29 Ağustos 2006

DENİZ ANALARI




Ayvalıkda deniz çok güzeldi, masmavi, soğukluk sıcaklık bakımından orta karar, yani nefis, yüz yüzebildiğin kadar, açılıyorsun açılıyorsun böyle suyla kucaklaşıyorsun çok güzel bir his, ben bayılıyorum.
Amaaaa, bu sene deniz anaları basmış ortalığı, eskiden bildiğimiz deniz anaları yassı şeffaf beyaz yuvarlak yaratıklardı, herhalde daha korkusuzduk veya çocukluk işte elimize alırdık oynardık, analiz ederdik.
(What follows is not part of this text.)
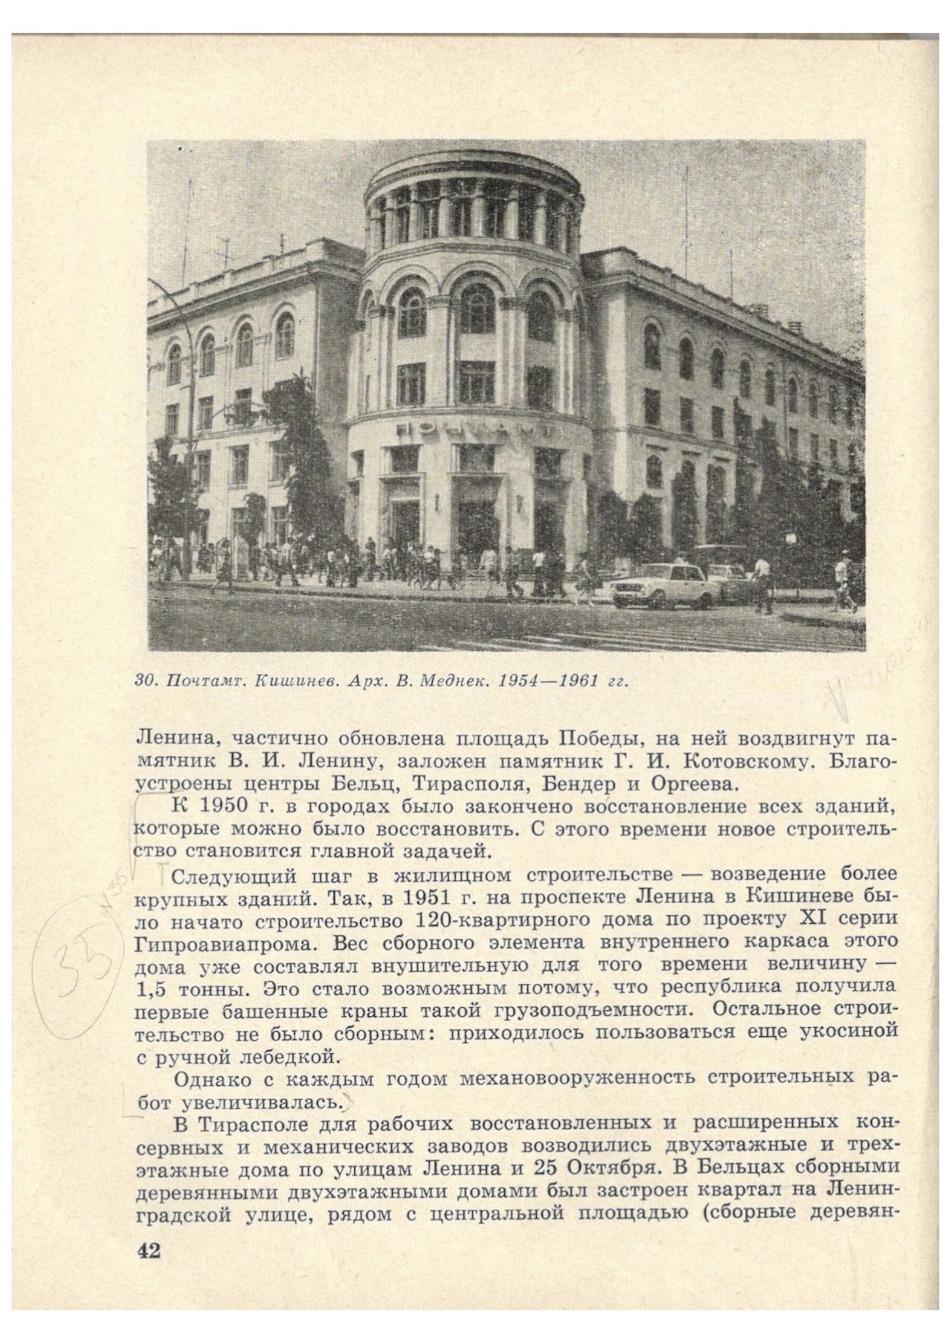 Градостроительство-Молдавии-В-Ф-Смирнов

Şimdikiler kafam kadar vücudları olan, kolları bacakları benim yarı kolum kadar uzunlukta, çok güzel lacivert, mavi, beyaz renklerde başka türlü birşeyler. Görünüşleri çok güzel ama gazetede çıkan haberleri de okuyunca insan bayağı irkiliyor, dokunacak, birşey olacak diye, bazı günler de nedense birçokları toplaşıp geliyorlardi sahile kadar neredeyse, yüz yüzebilirsen.
Ama yurdum halkı bir müteşebbislik örneği vererek sahile yakın gelen deniz analarını kucaklıyorlar, kuma getirip çukur açıp içine gömüyorlar, yüzerken çoluk çocuğa değmesin zarar vermesin diye. Halbuki biraz yakınlarından yüzerken zaten onlar kaçıyorlar, sana ne zarar eder, uzaktan yüz veya oralarda yüzme dimi ??
Yok ama kendinden başka canlıya zarar vermeme, hayvanlara da iyi davranma, onların da bir canı olduğu konusunda hiç eğitim almamış halkımız ve bilhassa cahil annelerimiz kendileri böyle yapıyor çocuklarına örnek oluyorlar. O çocukların deniz anasını kuma gömme çabalarını görmeniz lazimdi. Bunlar sarımsaklı plajında oldu, 1-2 defa bu anneleri gırtlaklama noktasına geldim, dilimde tüy bitti anlatmaktan ama kalın kafalara hiçbirşey girmiyor.
Tekne gezisinde yakalayabildiklerimin resmini çekmiştim, hele gözlükle seyretmek ne hoştu...
Söylenenlere göre denizler kirlendikçe bunlar çoğalıyormuş, ne fena yakında girip yüzebileceğimiz deniz kalmayacak.